Only lines, not pictures: please repeat exactly the lines from the one with "送料無料 格安即決 _画像1" through the end of the listing.

(Information shown begins)

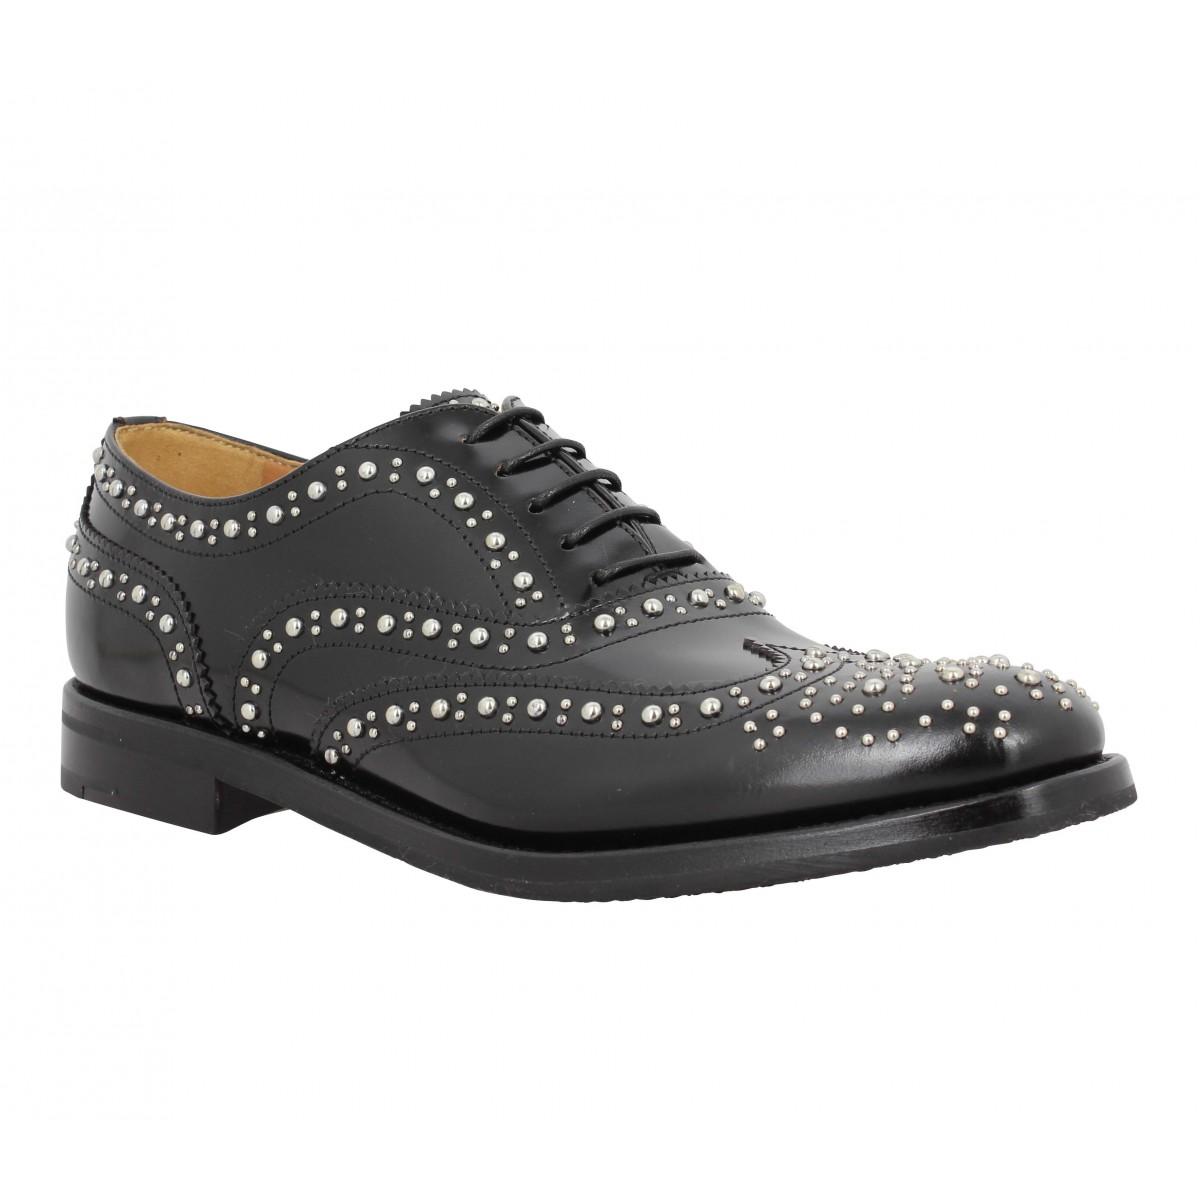 Chaussures à lacets CHURCH'S Burwood Met cuir Femme Noir
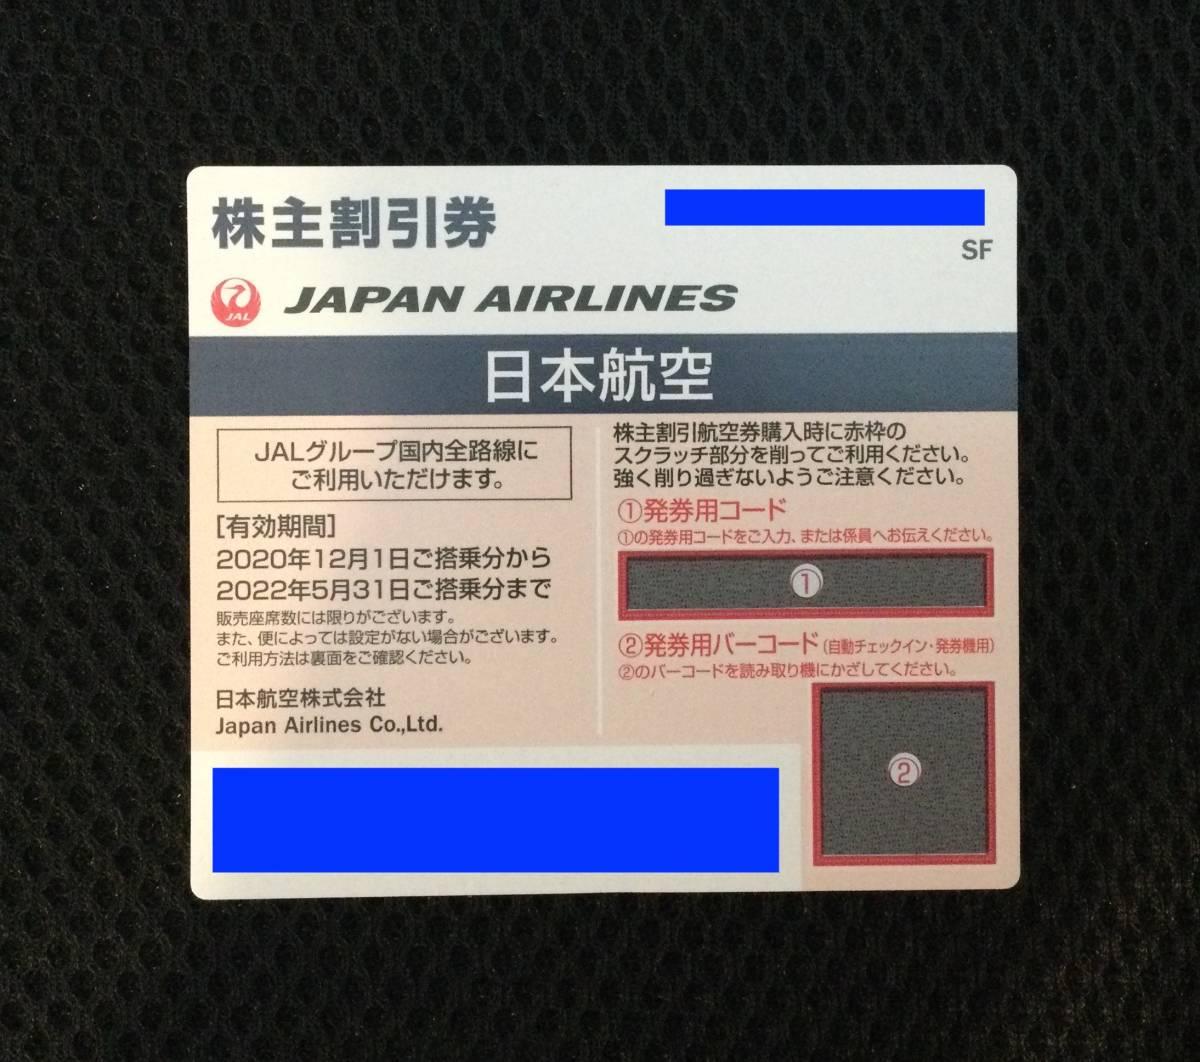 【即日対応】JAL 日本航空 株主優待券 2022年5月31日ご搭乗分まで有効 1~2枚 コード通知可 送料無料 格安即決 _画像1
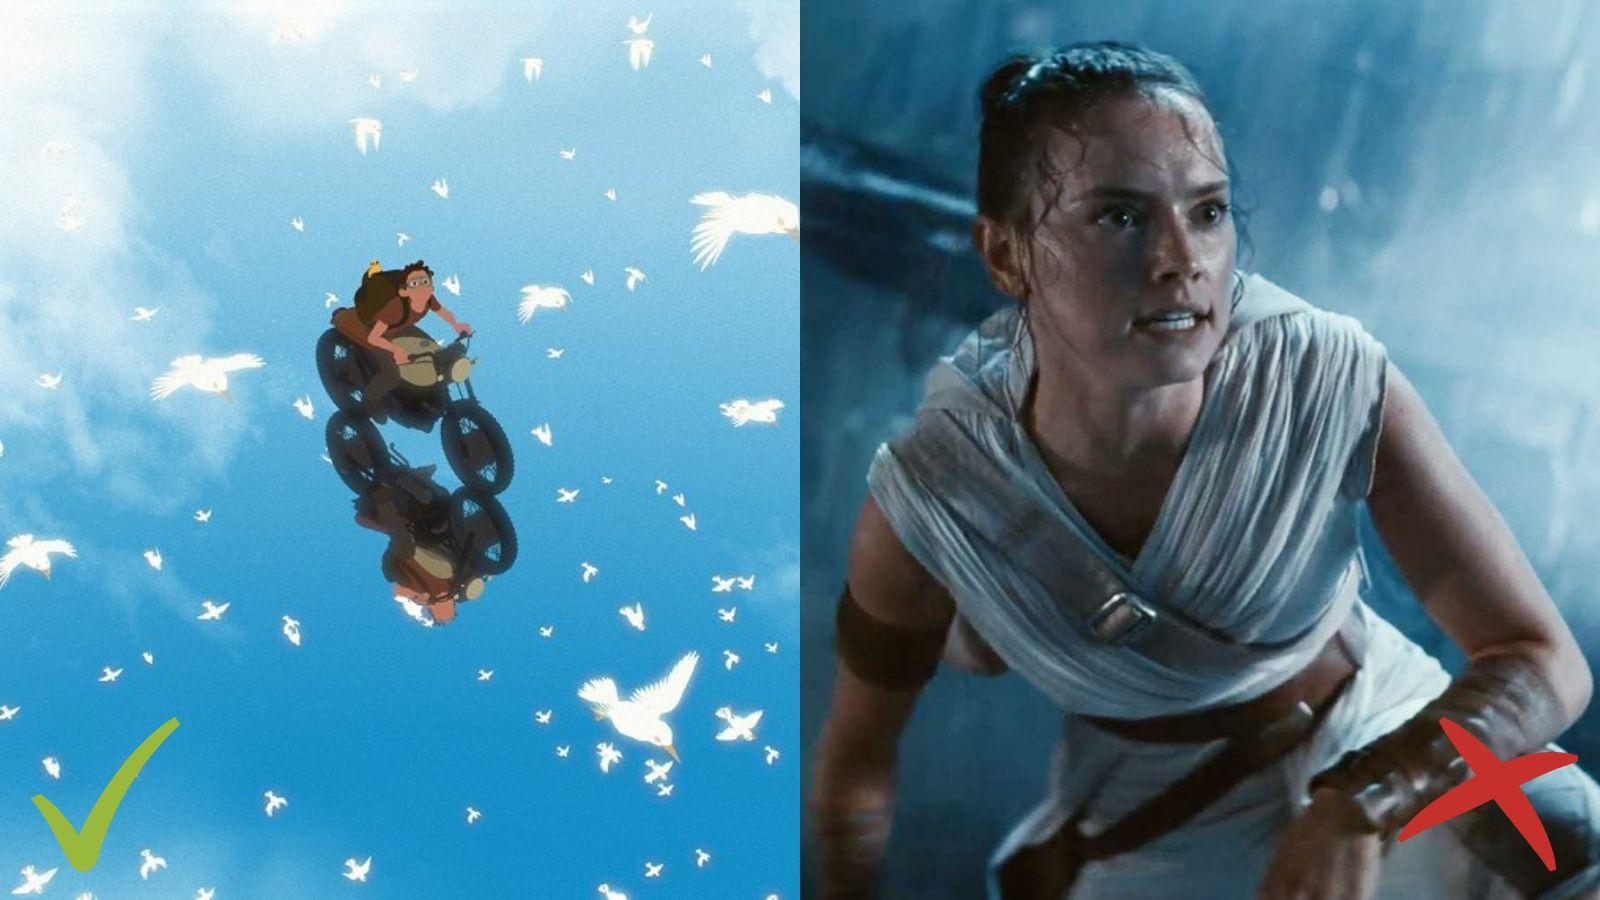 Away, Star Wars: The Rise of Skywalker, Projām, Zvaigžņu kari: Skaivokera atdzimšana
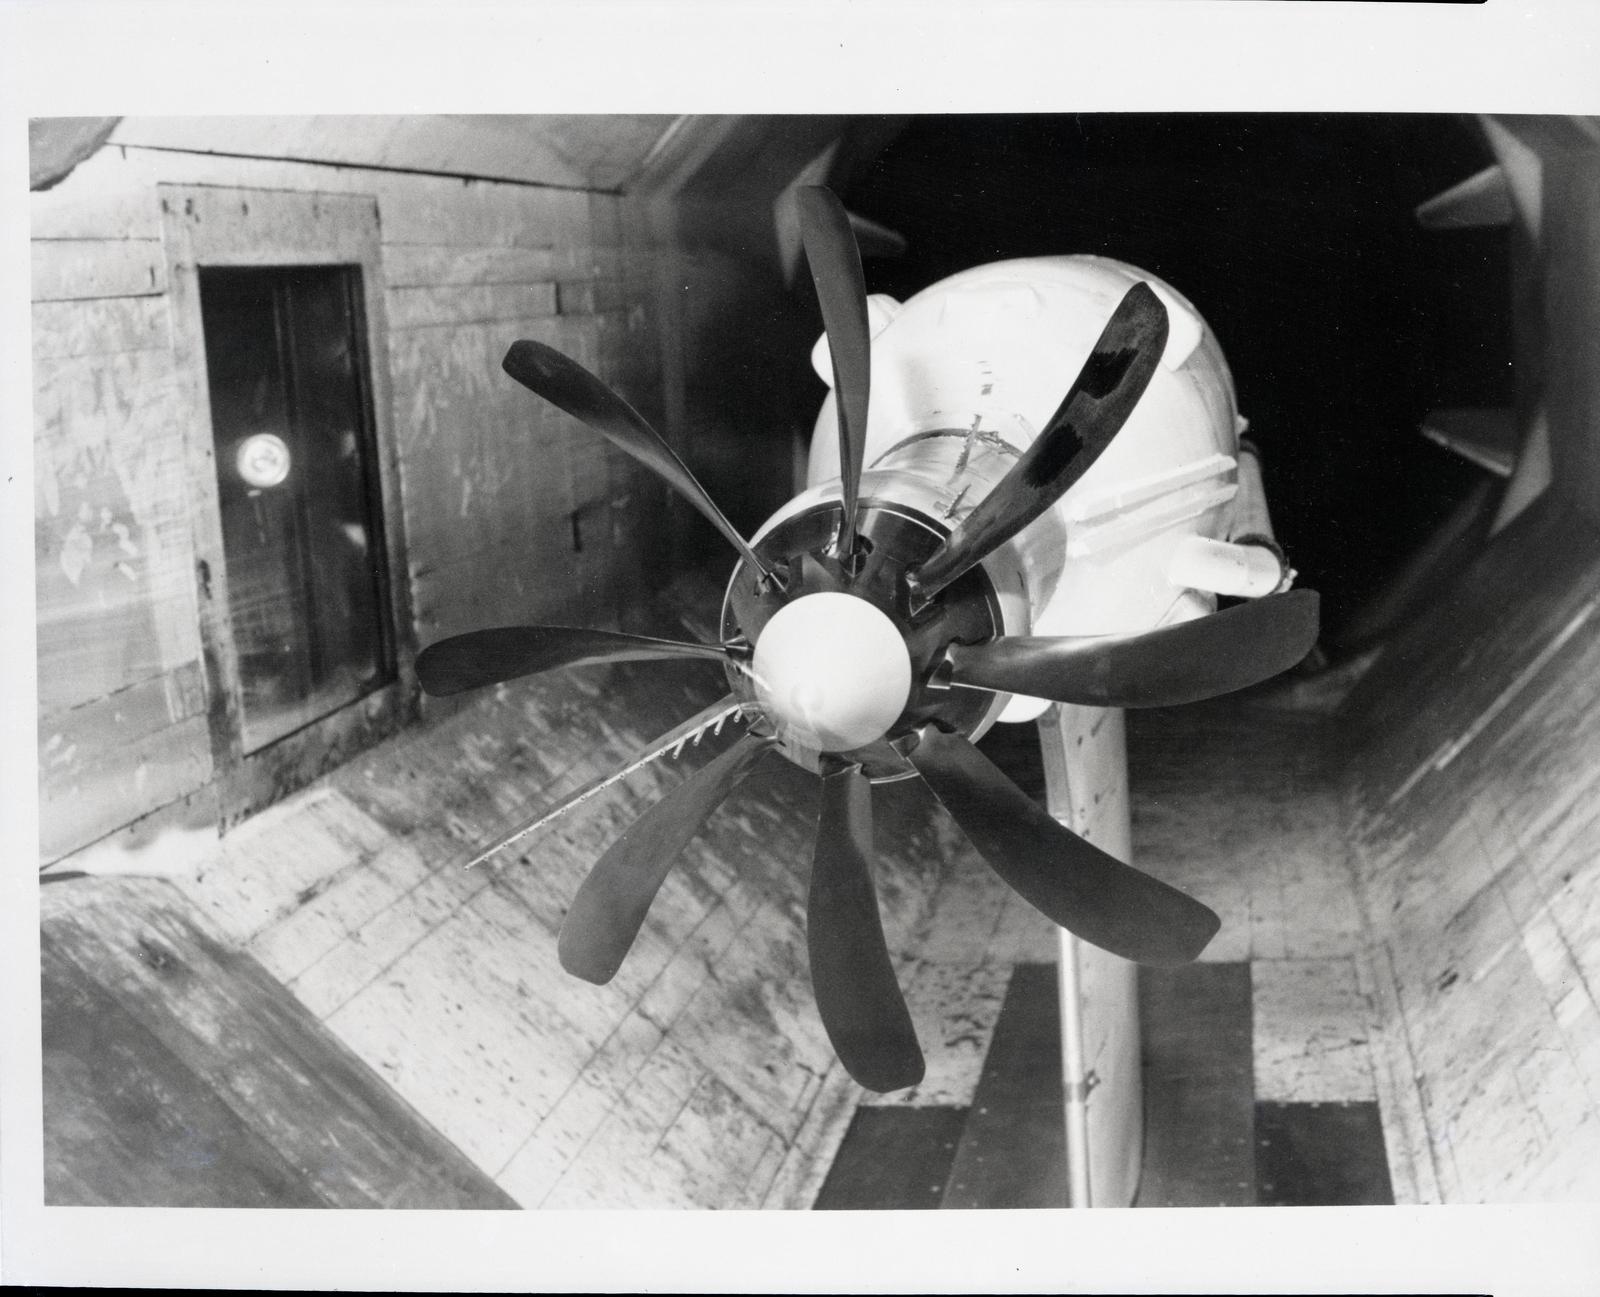 SR-1 Advanced Turboprop (Propfan) Propeller in Hamilton Standard Wind Tunnel

(Information shown ends)

### Your response
 【即日対応】JAL 日本航空 株主優待券 2022年5月31日ご搭乗分まで有効 1~2枚 コード通知可 送料無料 格安即決 _画像1
 Away, Star Wars: The Rise of Skywalker, Projām, Zvaigžņu kari: Skaivokera atdzimšana
 SR-1 Advanced Turboprop (Propfan) Propeller in Hamilton Standard Wind Tunnel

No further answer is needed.